Records supplied
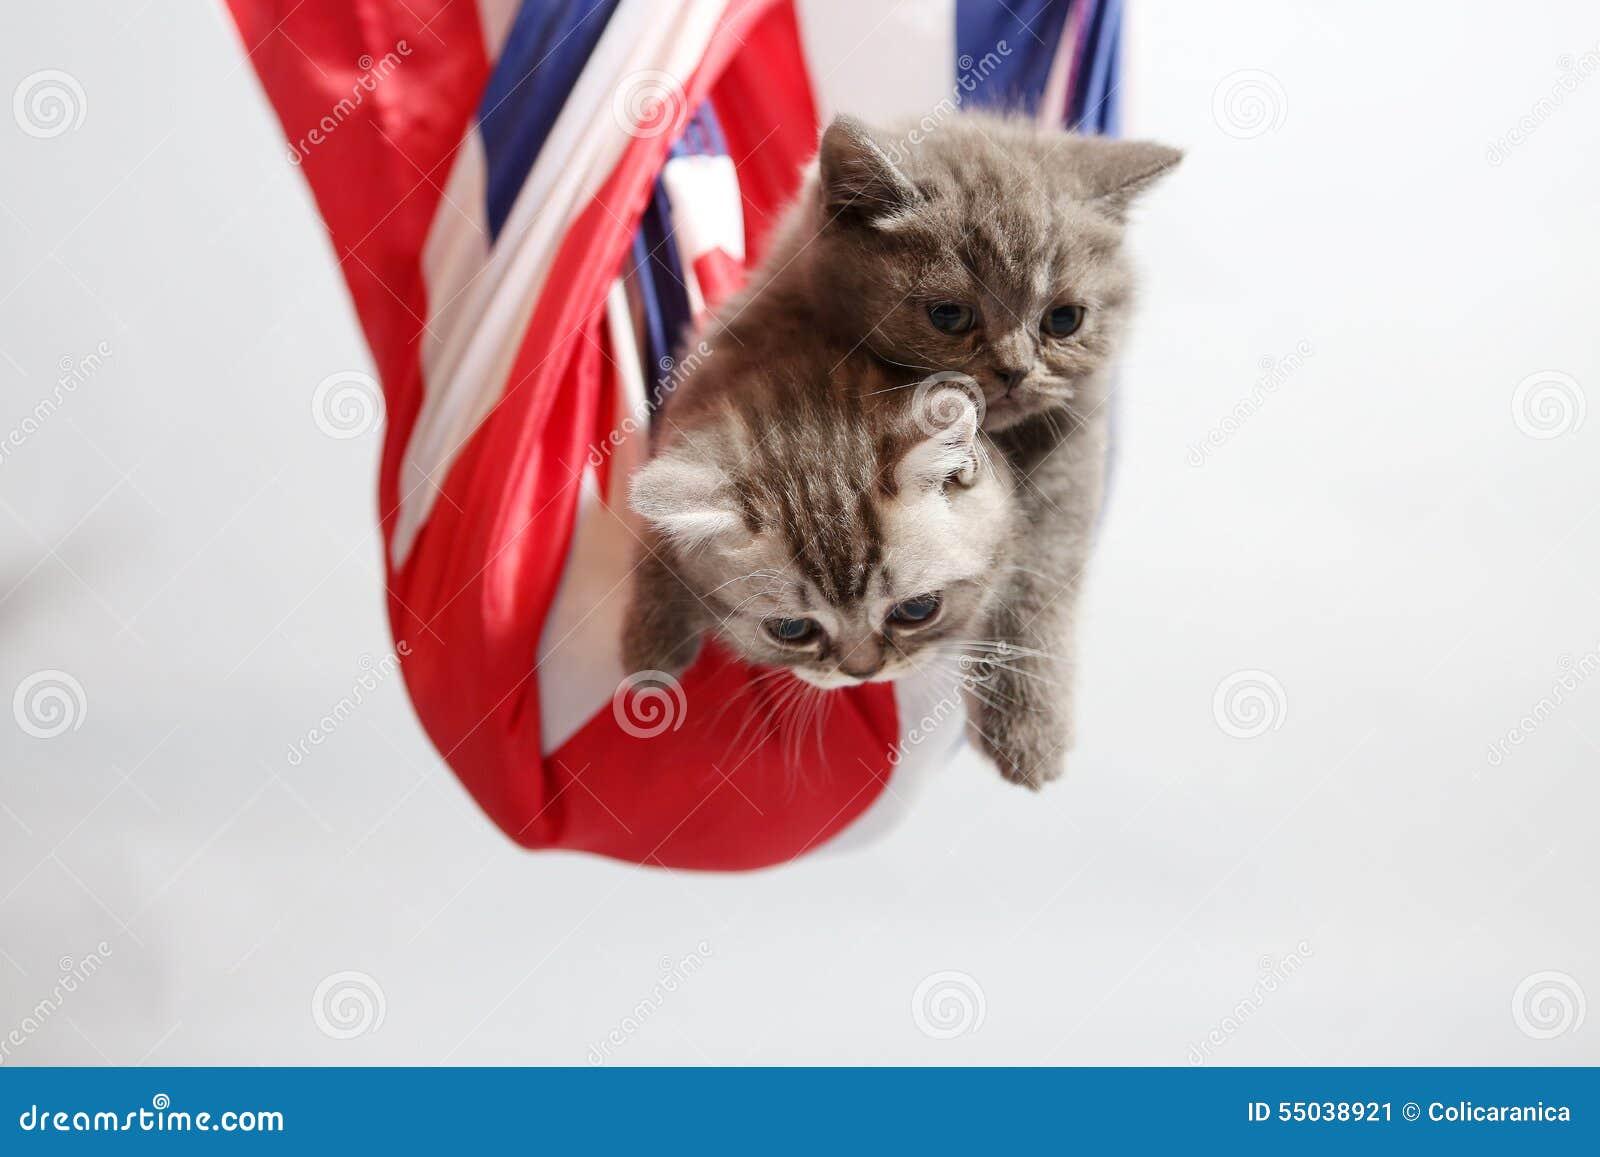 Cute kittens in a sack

* * *

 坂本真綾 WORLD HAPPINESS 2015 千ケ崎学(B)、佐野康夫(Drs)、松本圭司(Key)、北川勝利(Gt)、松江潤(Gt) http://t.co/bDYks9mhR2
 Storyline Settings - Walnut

Exercise instructions
Your answer must be the lines above from the one containing "坂本真綾 WORLD HAPPINESS" to the one containing "Storyline Settings - Walnut", both included, restated word for word.

Response
 坂本真綾 WORLD HAPPINESS 2015 千ケ崎学(B)、佐野康夫(Drs)、松本圭司(Key)、北川勝利(Gt)、松江潤(Gt) http://t.co/bDYks9mhR2
 Storyline Settings - Walnut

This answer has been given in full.